- _Task objective_:
Could the listing below be returned exactly, with its pictures left out?

- _Data shown_:

((

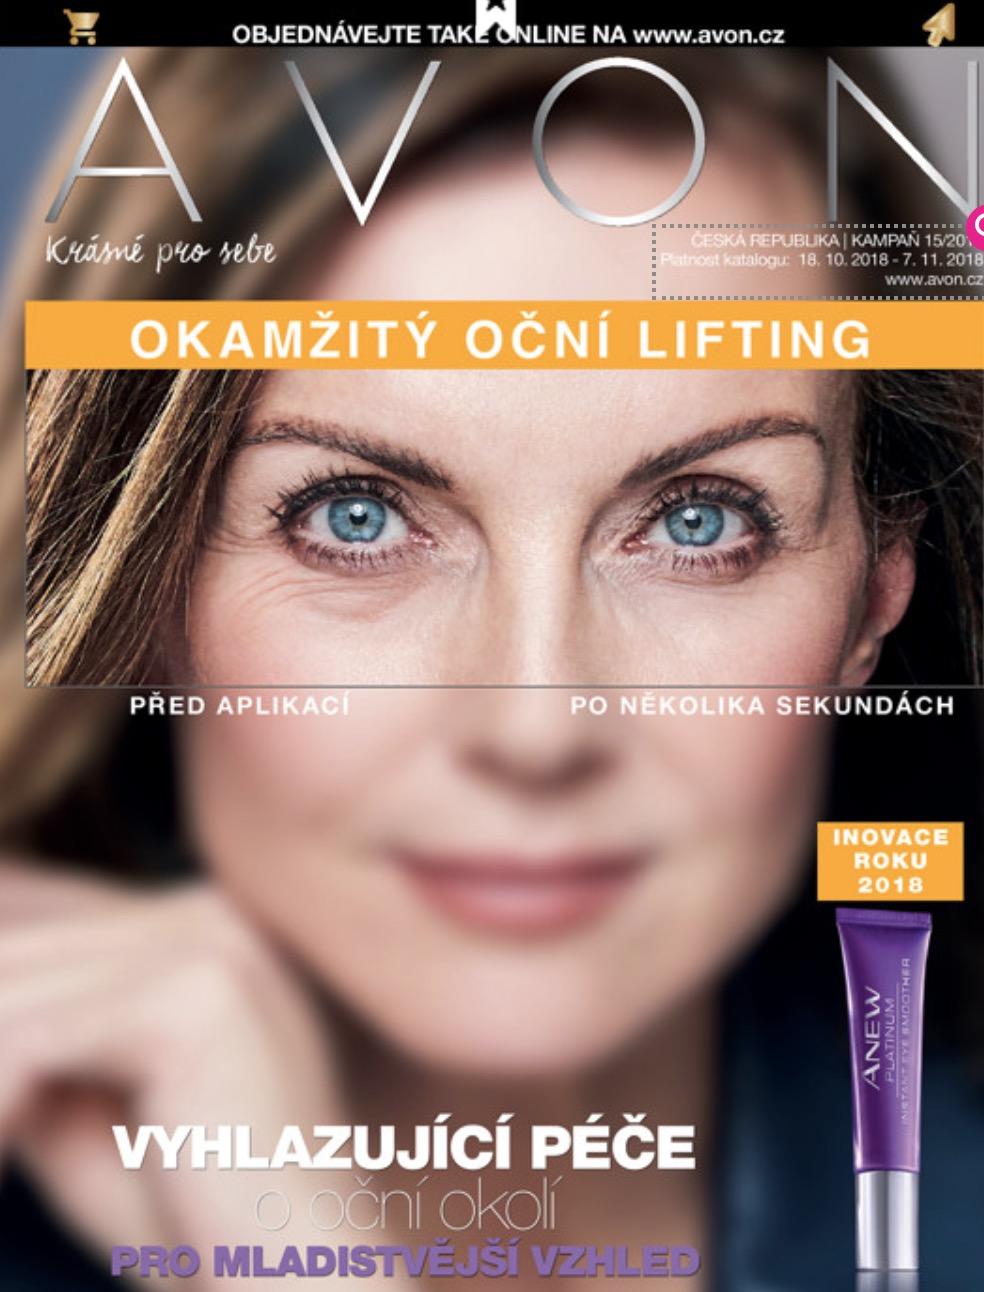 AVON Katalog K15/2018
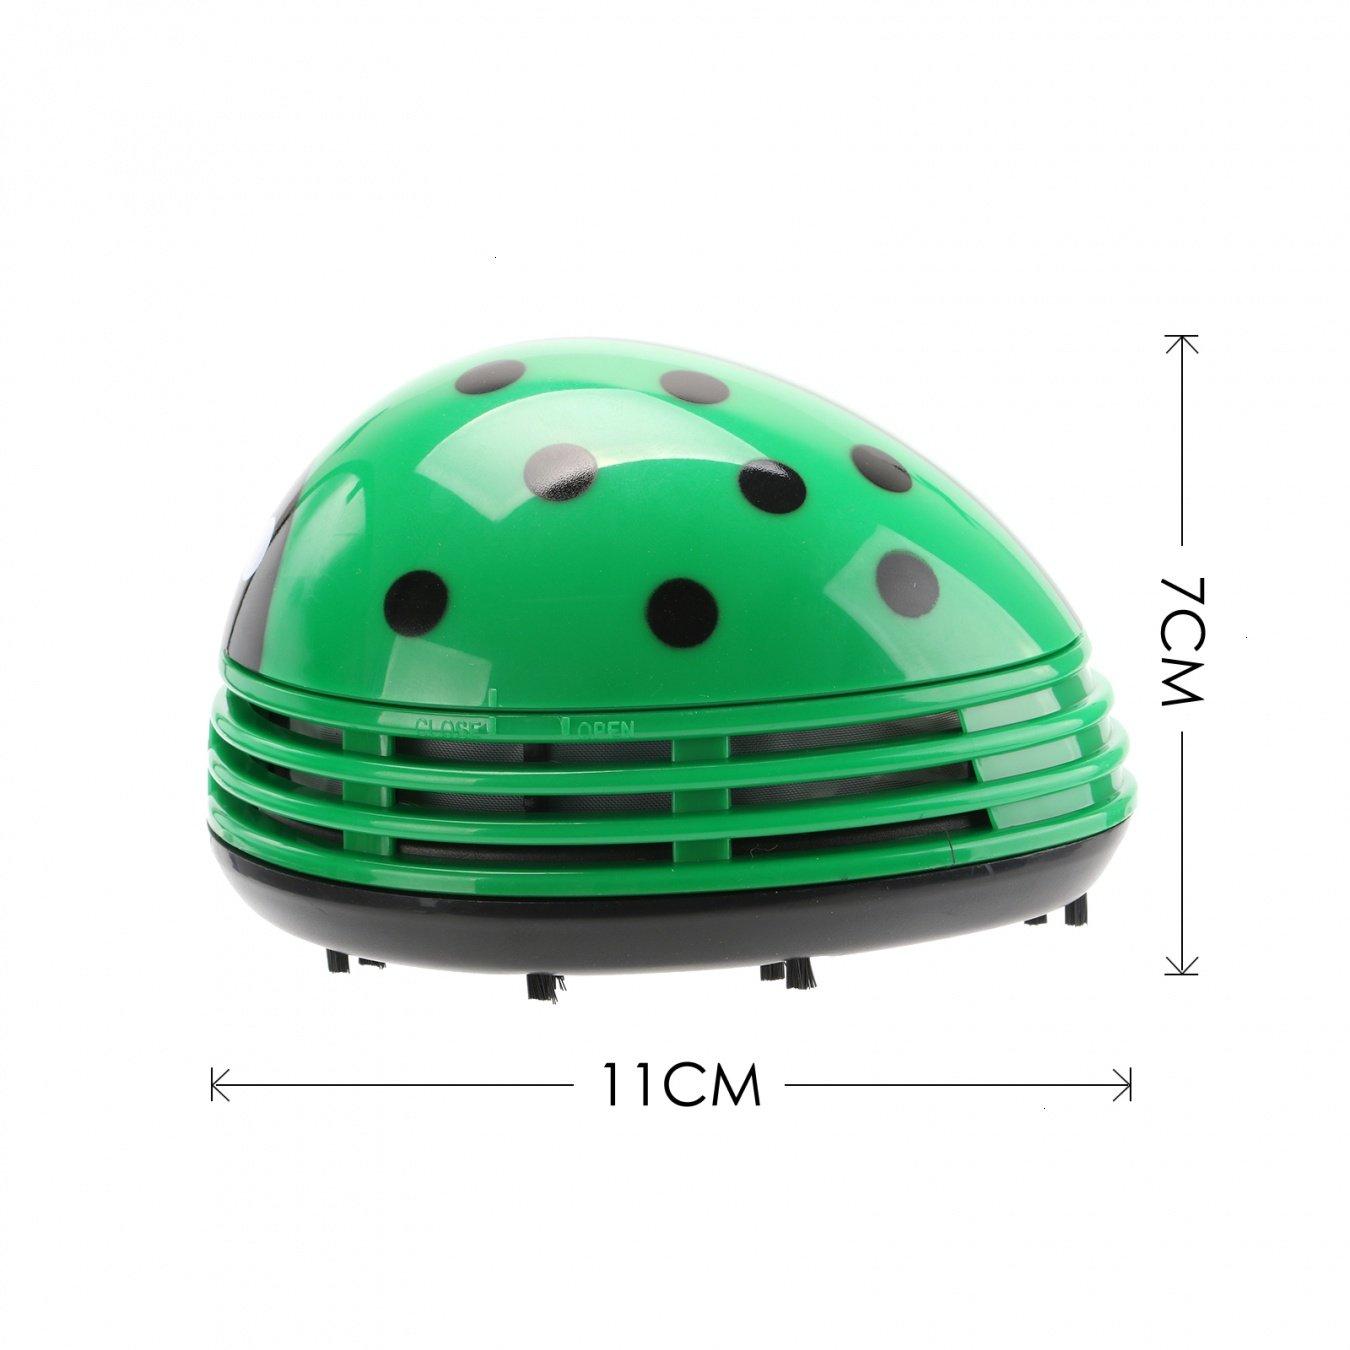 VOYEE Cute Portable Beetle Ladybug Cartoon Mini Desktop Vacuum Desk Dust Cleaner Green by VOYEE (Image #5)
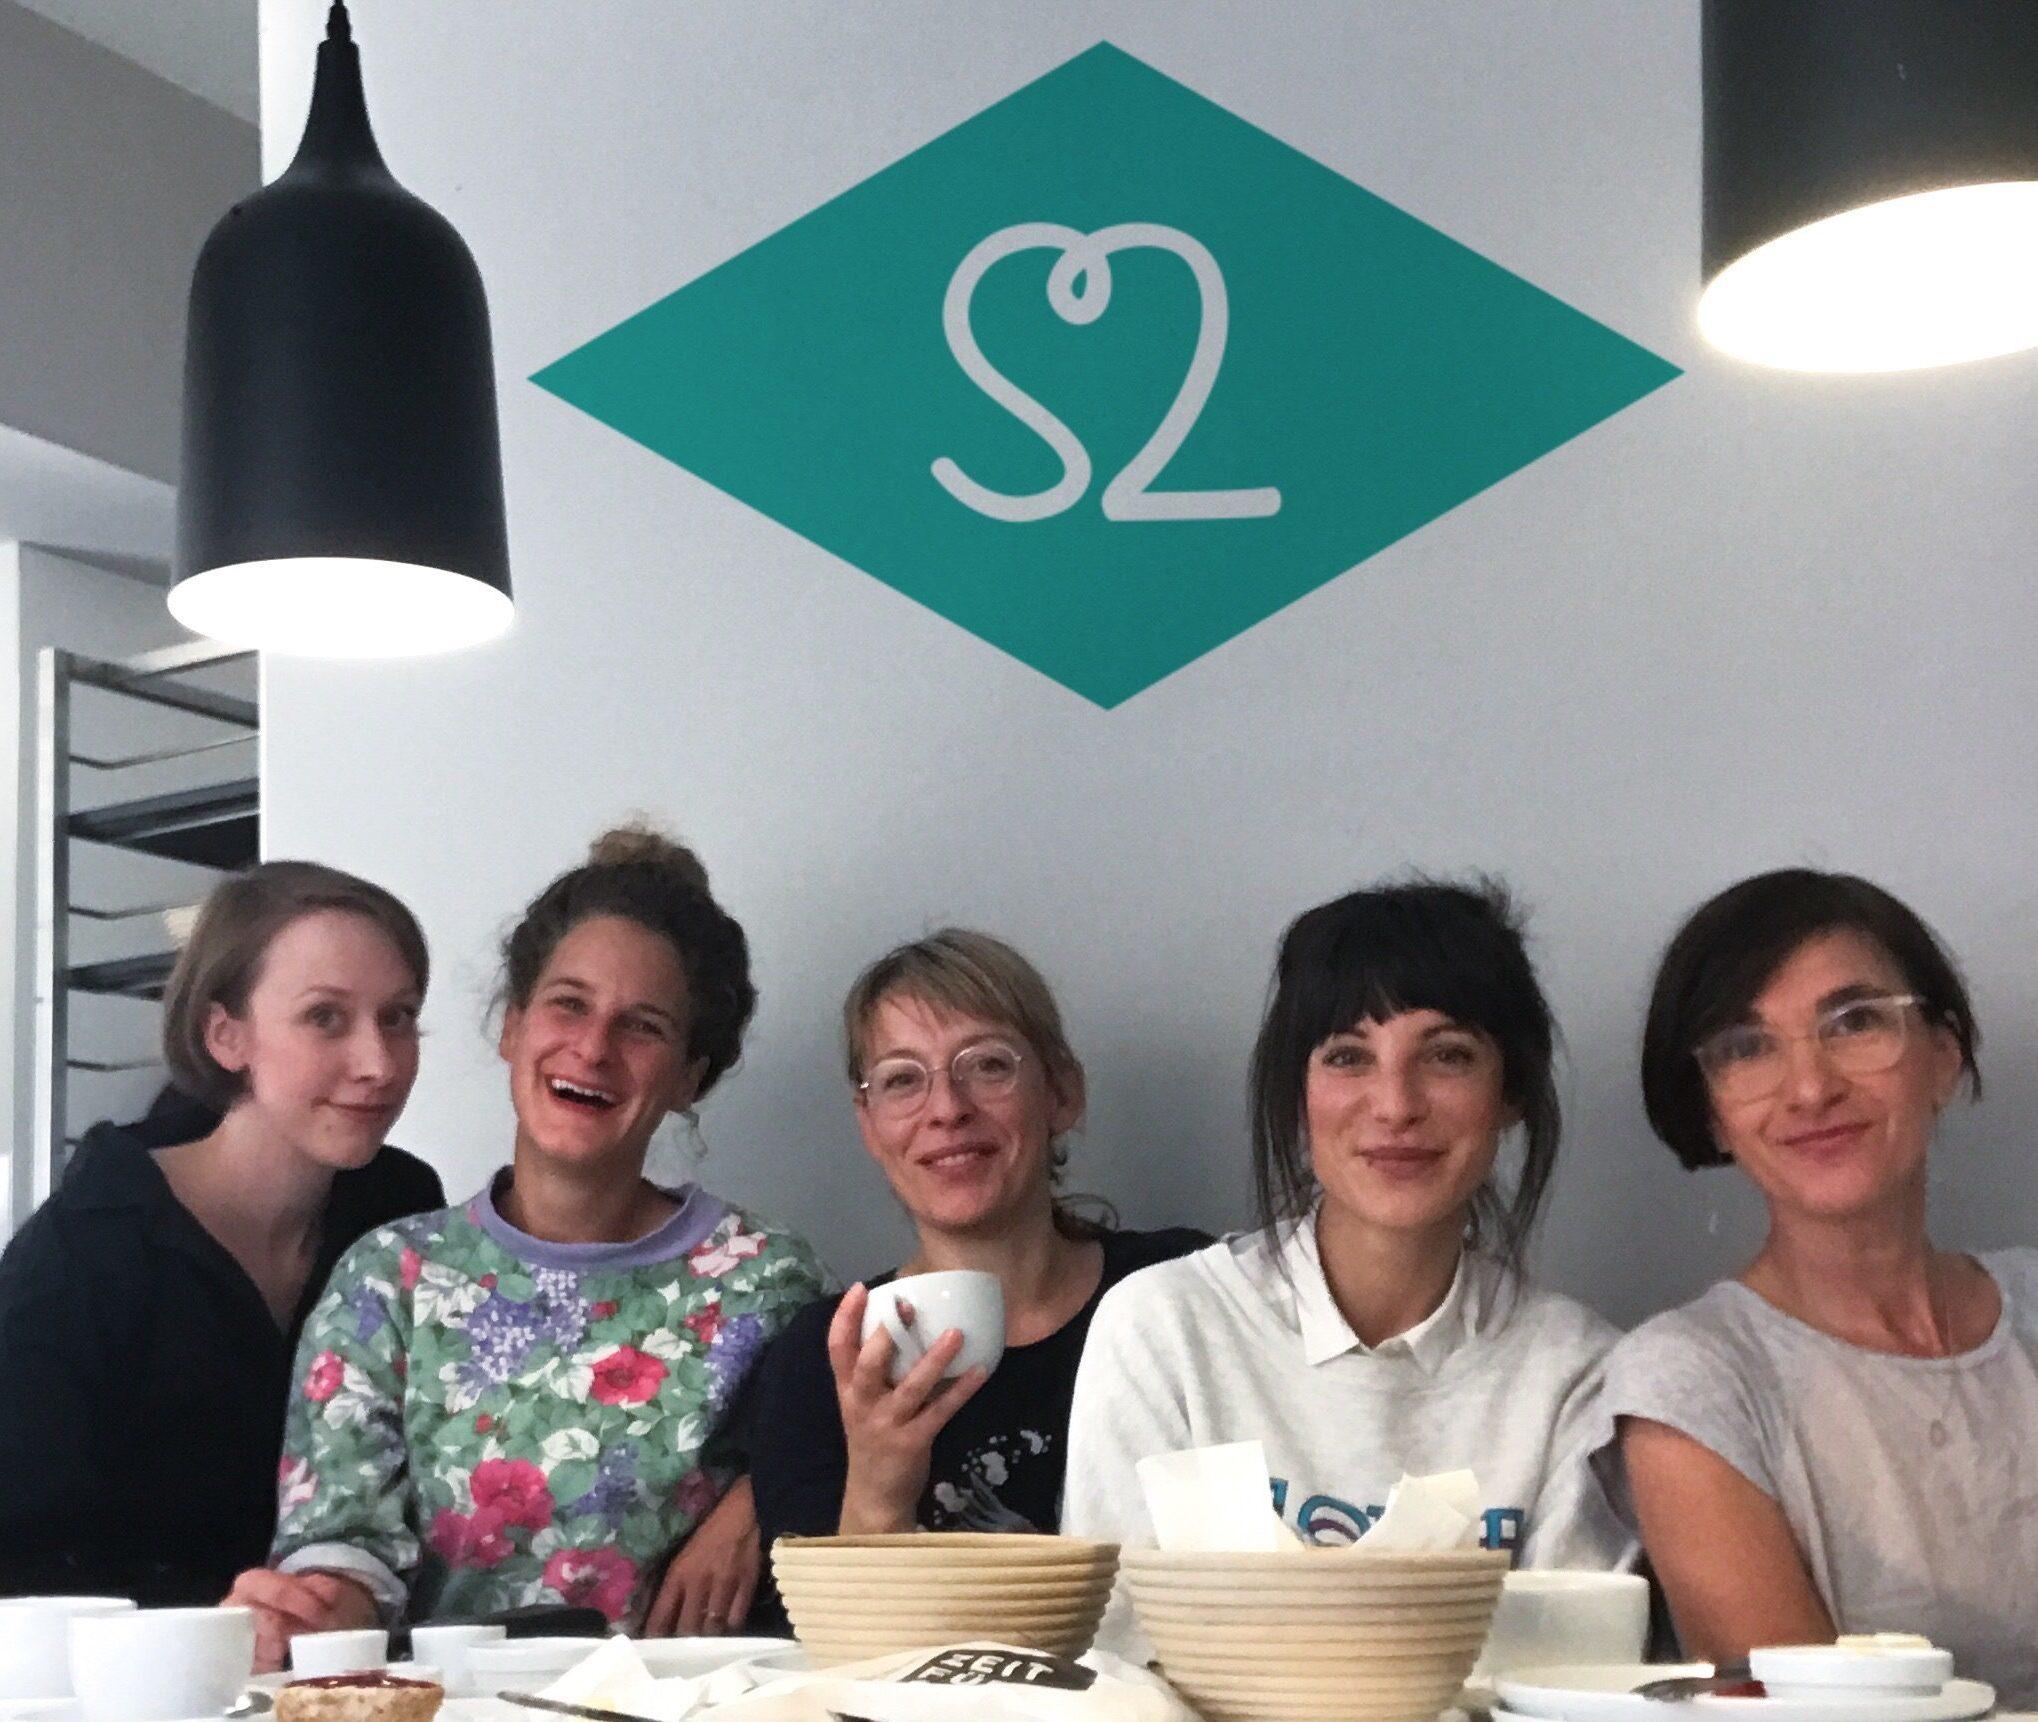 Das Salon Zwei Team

))

- _Answer below_:
 AVON Katalog K15/2018
 VOYEE Cute Portable Beetle Ladybug Cartoon Mini Desktop Vacuum Desk Dust Cleaner Green by VOYEE (Image #5)
 Das Salon Zwei Team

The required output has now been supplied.